Lines from the beginning of the data below through the one containing "Java , Efektywne" are to be printed exactly as they appear.

+===+

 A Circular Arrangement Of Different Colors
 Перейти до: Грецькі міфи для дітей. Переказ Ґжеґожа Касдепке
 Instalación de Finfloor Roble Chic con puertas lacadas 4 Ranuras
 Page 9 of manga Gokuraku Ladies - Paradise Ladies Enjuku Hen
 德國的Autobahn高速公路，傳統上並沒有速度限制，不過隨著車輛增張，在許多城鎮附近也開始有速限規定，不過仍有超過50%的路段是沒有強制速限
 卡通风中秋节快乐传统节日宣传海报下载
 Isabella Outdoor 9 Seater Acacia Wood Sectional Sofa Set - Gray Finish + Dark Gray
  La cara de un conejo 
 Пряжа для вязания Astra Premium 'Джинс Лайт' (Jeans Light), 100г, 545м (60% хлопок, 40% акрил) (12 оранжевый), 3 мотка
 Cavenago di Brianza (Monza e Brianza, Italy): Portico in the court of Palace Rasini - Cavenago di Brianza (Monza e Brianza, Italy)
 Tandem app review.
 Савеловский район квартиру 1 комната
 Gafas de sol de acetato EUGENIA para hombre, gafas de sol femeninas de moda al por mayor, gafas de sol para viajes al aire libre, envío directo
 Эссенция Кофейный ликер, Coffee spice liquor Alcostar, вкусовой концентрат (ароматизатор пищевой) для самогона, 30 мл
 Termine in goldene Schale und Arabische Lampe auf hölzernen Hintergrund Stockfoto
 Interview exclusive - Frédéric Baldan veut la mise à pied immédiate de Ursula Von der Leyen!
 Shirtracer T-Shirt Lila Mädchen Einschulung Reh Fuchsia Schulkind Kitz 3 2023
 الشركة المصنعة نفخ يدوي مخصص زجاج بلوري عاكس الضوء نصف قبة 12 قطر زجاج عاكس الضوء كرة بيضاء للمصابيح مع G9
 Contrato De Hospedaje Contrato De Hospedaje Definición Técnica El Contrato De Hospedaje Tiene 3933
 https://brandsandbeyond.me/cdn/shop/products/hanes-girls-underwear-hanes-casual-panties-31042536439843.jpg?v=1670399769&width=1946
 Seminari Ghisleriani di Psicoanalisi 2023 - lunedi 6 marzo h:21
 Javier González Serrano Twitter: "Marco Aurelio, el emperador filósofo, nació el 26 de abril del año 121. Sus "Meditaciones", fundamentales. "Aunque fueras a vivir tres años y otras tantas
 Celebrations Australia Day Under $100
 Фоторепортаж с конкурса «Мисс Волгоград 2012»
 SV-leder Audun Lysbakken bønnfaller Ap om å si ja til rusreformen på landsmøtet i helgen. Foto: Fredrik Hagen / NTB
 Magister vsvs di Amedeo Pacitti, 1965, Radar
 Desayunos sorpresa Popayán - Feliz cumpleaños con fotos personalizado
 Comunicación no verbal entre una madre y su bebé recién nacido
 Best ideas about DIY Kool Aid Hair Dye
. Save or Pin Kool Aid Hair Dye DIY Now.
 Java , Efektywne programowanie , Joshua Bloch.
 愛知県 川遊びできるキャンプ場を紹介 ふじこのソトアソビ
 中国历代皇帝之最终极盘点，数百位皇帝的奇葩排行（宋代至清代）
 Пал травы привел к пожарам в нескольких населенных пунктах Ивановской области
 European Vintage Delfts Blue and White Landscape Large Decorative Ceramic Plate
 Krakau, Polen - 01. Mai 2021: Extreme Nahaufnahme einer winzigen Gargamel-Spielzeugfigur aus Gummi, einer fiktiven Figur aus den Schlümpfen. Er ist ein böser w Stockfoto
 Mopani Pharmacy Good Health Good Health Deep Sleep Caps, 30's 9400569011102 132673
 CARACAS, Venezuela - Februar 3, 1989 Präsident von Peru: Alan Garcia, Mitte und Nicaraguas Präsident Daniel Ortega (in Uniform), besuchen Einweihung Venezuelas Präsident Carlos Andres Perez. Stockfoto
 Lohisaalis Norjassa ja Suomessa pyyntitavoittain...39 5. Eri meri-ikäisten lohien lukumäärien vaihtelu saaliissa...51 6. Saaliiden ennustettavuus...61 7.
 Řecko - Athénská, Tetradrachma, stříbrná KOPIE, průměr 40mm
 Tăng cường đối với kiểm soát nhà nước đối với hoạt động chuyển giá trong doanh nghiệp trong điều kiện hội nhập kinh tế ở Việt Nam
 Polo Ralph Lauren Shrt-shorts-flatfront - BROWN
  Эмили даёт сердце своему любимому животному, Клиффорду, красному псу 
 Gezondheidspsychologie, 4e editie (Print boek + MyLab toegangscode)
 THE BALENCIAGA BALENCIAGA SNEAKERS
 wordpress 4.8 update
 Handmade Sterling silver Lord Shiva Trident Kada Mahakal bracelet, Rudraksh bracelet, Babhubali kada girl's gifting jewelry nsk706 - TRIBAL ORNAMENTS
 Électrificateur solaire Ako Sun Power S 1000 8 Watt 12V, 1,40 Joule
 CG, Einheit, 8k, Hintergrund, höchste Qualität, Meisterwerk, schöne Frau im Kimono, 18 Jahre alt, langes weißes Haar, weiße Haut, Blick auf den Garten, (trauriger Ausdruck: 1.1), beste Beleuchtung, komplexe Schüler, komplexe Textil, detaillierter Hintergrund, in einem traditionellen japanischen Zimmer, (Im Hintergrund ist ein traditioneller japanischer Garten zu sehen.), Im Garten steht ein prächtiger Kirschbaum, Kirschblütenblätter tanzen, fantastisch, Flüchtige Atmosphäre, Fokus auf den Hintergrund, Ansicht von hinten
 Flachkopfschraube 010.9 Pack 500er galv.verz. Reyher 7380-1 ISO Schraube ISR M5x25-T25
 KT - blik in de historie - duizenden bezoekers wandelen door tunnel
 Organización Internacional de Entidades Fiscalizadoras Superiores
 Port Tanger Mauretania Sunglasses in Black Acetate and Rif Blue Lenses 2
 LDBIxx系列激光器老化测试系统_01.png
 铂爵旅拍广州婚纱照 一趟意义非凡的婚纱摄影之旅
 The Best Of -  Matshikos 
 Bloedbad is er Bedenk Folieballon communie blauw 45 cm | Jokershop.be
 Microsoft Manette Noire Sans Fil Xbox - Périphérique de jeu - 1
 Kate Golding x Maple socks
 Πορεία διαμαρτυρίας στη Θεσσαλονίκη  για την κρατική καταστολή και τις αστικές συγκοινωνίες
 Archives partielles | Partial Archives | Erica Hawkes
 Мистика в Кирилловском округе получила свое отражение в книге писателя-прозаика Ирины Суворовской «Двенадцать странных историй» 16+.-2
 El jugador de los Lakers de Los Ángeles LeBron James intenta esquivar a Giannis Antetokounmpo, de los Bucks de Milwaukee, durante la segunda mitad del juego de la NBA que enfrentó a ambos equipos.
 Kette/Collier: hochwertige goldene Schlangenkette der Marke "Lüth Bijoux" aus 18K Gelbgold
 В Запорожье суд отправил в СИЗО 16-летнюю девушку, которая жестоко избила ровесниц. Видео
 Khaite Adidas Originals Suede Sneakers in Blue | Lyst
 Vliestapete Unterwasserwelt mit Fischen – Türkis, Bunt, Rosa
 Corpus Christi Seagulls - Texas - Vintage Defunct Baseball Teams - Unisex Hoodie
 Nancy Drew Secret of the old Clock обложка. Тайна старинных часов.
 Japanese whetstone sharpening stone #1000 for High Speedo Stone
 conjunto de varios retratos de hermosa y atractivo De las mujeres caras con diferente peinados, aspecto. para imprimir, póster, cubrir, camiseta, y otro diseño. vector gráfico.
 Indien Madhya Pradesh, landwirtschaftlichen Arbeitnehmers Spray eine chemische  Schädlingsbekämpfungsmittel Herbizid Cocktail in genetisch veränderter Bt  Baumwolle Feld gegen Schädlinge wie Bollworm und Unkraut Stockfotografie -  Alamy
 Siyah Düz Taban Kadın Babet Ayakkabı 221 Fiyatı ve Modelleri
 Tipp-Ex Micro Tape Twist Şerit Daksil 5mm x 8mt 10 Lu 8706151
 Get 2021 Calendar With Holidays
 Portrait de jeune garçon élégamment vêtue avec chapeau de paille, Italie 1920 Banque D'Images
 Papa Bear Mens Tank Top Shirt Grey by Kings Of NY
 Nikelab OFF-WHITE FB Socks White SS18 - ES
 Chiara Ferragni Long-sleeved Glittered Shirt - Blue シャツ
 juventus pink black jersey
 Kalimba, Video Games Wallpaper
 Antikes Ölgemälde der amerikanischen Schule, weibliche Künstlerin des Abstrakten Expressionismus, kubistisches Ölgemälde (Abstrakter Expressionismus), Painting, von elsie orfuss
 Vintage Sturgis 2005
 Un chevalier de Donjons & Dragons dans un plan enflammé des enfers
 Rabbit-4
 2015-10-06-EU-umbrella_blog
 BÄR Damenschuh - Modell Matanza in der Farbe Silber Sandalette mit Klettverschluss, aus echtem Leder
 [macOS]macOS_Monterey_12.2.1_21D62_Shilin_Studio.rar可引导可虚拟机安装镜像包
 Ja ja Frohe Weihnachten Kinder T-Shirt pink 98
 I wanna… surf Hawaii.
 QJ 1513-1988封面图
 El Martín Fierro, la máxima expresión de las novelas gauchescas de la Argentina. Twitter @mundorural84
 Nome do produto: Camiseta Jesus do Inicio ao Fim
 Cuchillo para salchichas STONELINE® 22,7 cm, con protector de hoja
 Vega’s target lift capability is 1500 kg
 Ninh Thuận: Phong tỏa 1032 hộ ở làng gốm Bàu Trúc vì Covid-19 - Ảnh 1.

+===+

[Output of the task]:
 A Circular Arrangement Of Different Colors
 Перейти до: Грецькі міфи для дітей. Переказ Ґжеґожа Касдепке
 Instalación de Finfloor Roble Chic con puertas lacadas 4 Ranuras
 Page 9 of manga Gokuraku Ladies - Paradise Ladies Enjuku Hen
 德國的Autobahn高速公路，傳統上並沒有速度限制，不過隨著車輛增張，在許多城鎮附近也開始有速限規定，不過仍有超過50%的路段是沒有強制速限
 卡通风中秋节快乐传统节日宣传海报下载
 Isabella Outdoor 9 Seater Acacia Wood Sectional Sofa Set - Gray Finish + Dark Gray
  La cara de un conejo 
 Пряжа для вязания Astra Premium 'Джинс Лайт' (Jeans Light), 100г, 545м (60% хлопок, 40% акрил) (12 оранжевый), 3 мотка
 Cavenago di Brianza (Monza e Brianza, Italy): Portico in the court of Palace Rasini - Cavenago di Brianza (Monza e Brianza, Italy)
 Tandem app review.
 Савеловский район квартиру 1 комната
 Gafas de sol de acetato EUGENIA para hombre, gafas de sol femeninas de moda al por mayor, gafas de sol para viajes al aire libre, envío directo
 Эссенция Кофейный ликер, Coffee spice liquor Alcostar, вкусовой концентрат (ароматизатор пищевой) для самогона, 30 мл
 Termine in goldene Schale und Arabische Lampe auf hölzernen Hintergrund Stockfoto
 Interview exclusive - Frédéric Baldan veut la mise à pied immédiate de Ursula Von der Leyen!
 Shirtracer T-Shirt Lila Mädchen Einschulung Reh Fuchsia Schulkind Kitz 3 2023
 الشركة المصنعة نفخ يدوي مخصص زجاج بلوري عاكس الضوء نصف قبة 12 قطر زجاج عاكس الضوء كرة بيضاء للمصابيح مع G9
 Contrato De Hospedaje Contrato De Hospedaje Definición Técnica El Contrato De Hospedaje Tiene 3933
 https://brandsandbeyond.me/cdn/shop/products/hanes-girls-underwear-hanes-casual-panties-31042536439843.jpg?v=1670399769&width=1946
 Seminari Ghisleriani di Psicoanalisi 2023 - lunedi 6 marzo h:21
 Javier González Serrano Twitter: "Marco Aurelio, el emperador filósofo, nació el 26 de abril del año 121. Sus "Meditaciones", fundamentales. "Aunque fueras a vivir tres años y otras tantas
 Celebrations Australia Day Under $100
 Фоторепортаж с конкурса «Мисс Волгоград 2012»
 SV-leder Audun Lysbakken bønnfaller Ap om å si ja til rusreformen på landsmøtet i helgen. Foto: Fredrik Hagen / NTB
 Magister vsvs di Amedeo Pacitti, 1965, Radar
 Desayunos sorpresa Popayán - Feliz cumpleaños con fotos personalizado
 Comunicación no verbal entre una madre y su bebé recién nacido
 Best ideas about DIY Kool Aid Hair Dye
. Save or Pin Kool Aid Hair Dye DIY Now.
 Java , Efektywne programowanie , Joshua Bloch.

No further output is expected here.